Capital Gain – joint development agreement -Budget 2017-18 Suggestions

By | March 1, 2017
(Last Updated On: March 1, 2017)

Suggestions on Clause 22 of Finance Bill 2017 – Section 45(5A) – Special provision for computation of capital gain in case of joint development agreement (JDA) -Certain concerns to be addressed and scope to be enlarged

The Finance Bill 2017  proposes to insert sub-section (5A) in the existing section 45 to provide that the capital gains arising to an individual or Hindu undivided family under a Joint Development Agreement shall be taxed in the year in which completion certificate for the whole or part of the project is received, based on the stamp duty valuation on the date of issue of certificate of completion as increased by cash consideration received, if any [ Read Taxability in case of Joint Development Agreements w.e.f AY 2018-19 ].

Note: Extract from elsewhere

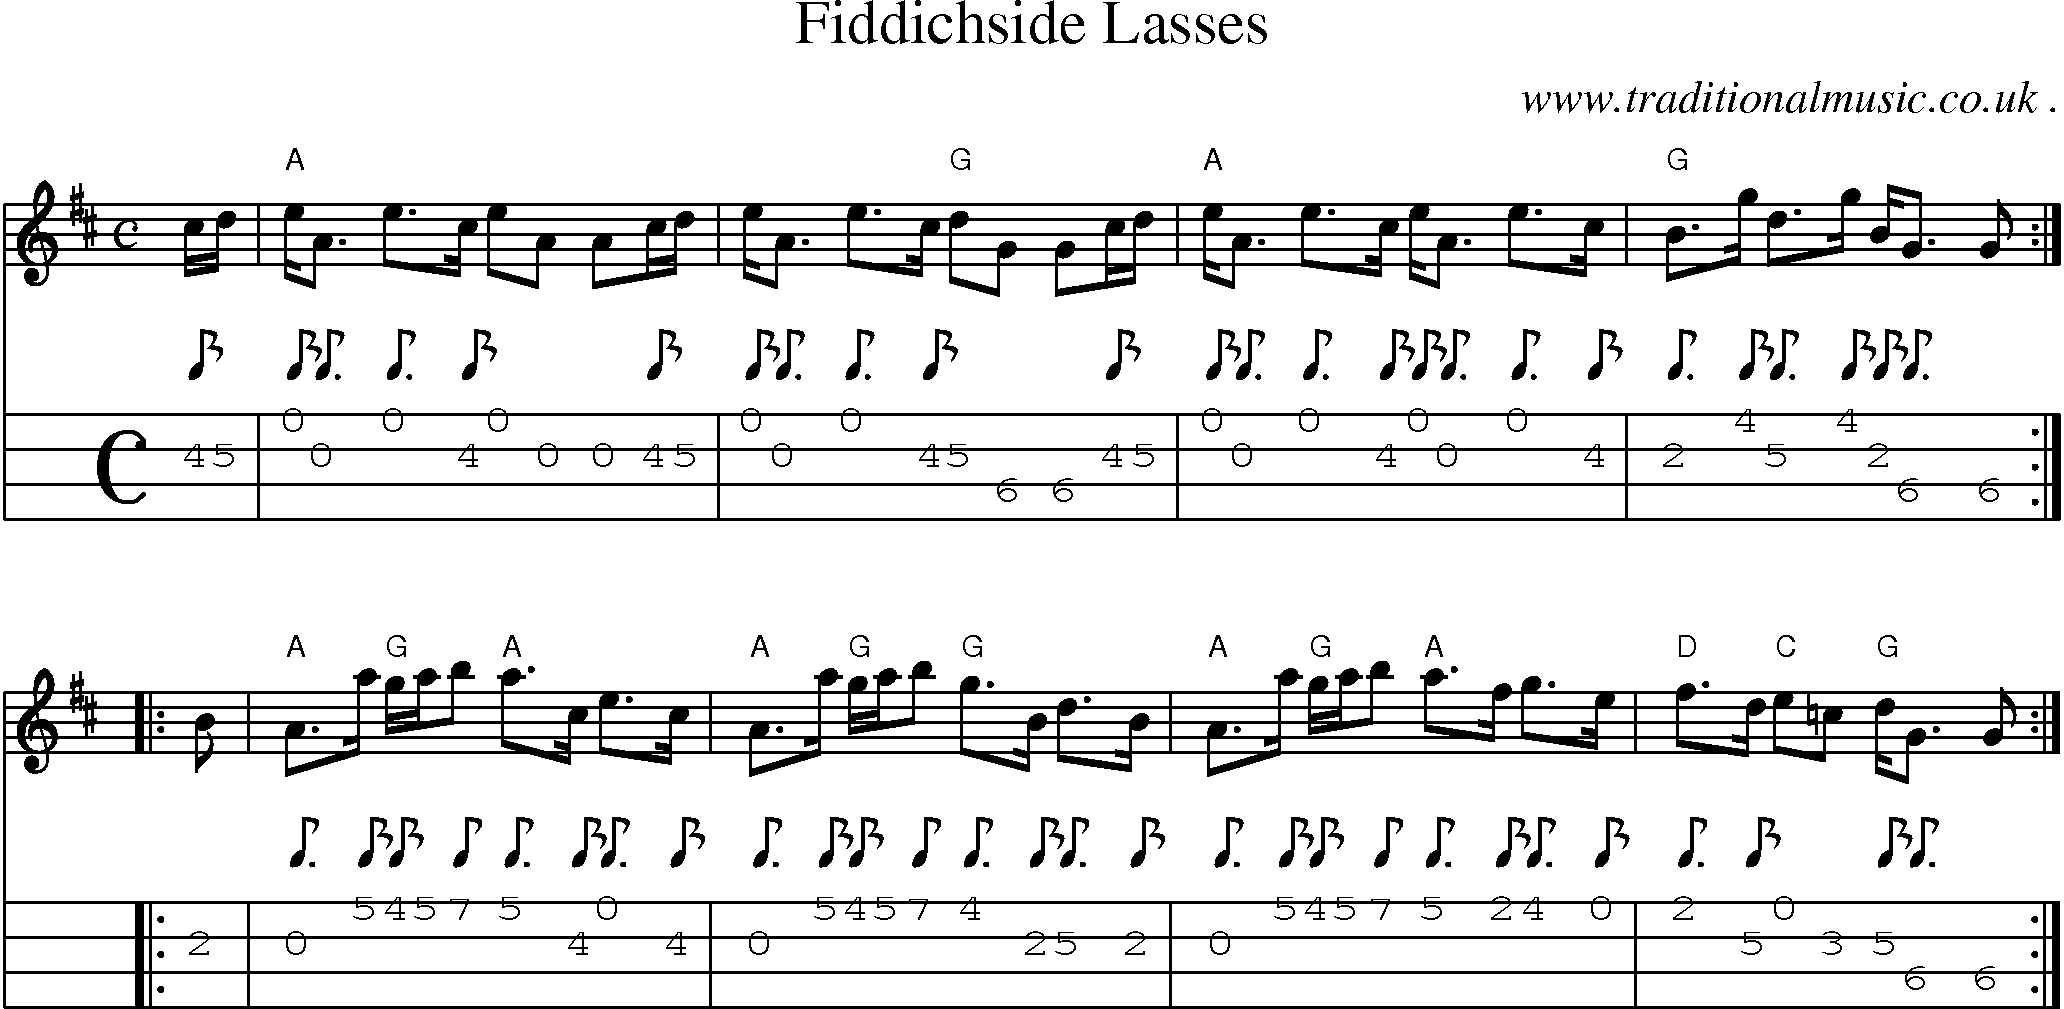 Sheet-music  score, Chords and Mandolin Tabs for Fiddichside Lasses

However, the above provisions shall not apply where the assessee transfers his share in the project on or before the date of issue of said certificate of completion, and the capital gains shall be deemed to be the income of the year in which such transfer takes place.

Relief is proposed to be provided to individuals and HUFs on transfer of capital asset by postponing the date of taxability from the date of transfer to the date of obtaining of the Completion Certificate which was a matter of concern since quite a long time. This is a very welcome provision which addresses the concern of the tax payer in having to pay tax when he has still not realised the income from the project.

Issues

a) In case the owner transfers his share of the property before receipt of the Completion Certificate, then, the benefit envisaged in this amendment will not be available to him. This may cause genuine difficulty since typically in these kinds of JDAs, the owner receives several units of flats/floors as his share of property and while the project is in progress some of the units may be sold by him. Since only some of the units may be transferred when the project is in progress, the benefit of this proposal may not be denied in respect of capital gains arising from sale of his entire share of property.

b) The applicability of this section has been restricted to Individuals and HUFs. The difficulty envisaged by the legislature is faced by all assessees and therefore, this section may be made applicable to all classes of assessees.

c) Due to sluggishness in the economy and scarcity of funds, developers too are entering into this kind of arrangement wherein they forgo part of their total profits by entrusting the task of development to another developer who has the funds required for development of the property. Therefore, similar provision may also be introduced for property held as a business asset.

d) The aforesaid proposed provisions appear to be in line with the existing provisions of section 50C. However, certain safeguards contained in section 50C do not find place in the proposed section 45(5A). For example, section 50C provides that where the assessee claims before any Assessing Officer that the value adopted or assessed or assessable by the stamp valuation authority exceeds the fair market value of the property as on the date of transfer, then the Assessing Officer may refer the valuation of the capital asset to a Valuation Officer.

Similar safeguards may be incorporated in section 45(5A) as well, in a case where stamp duty value is higher than FMV.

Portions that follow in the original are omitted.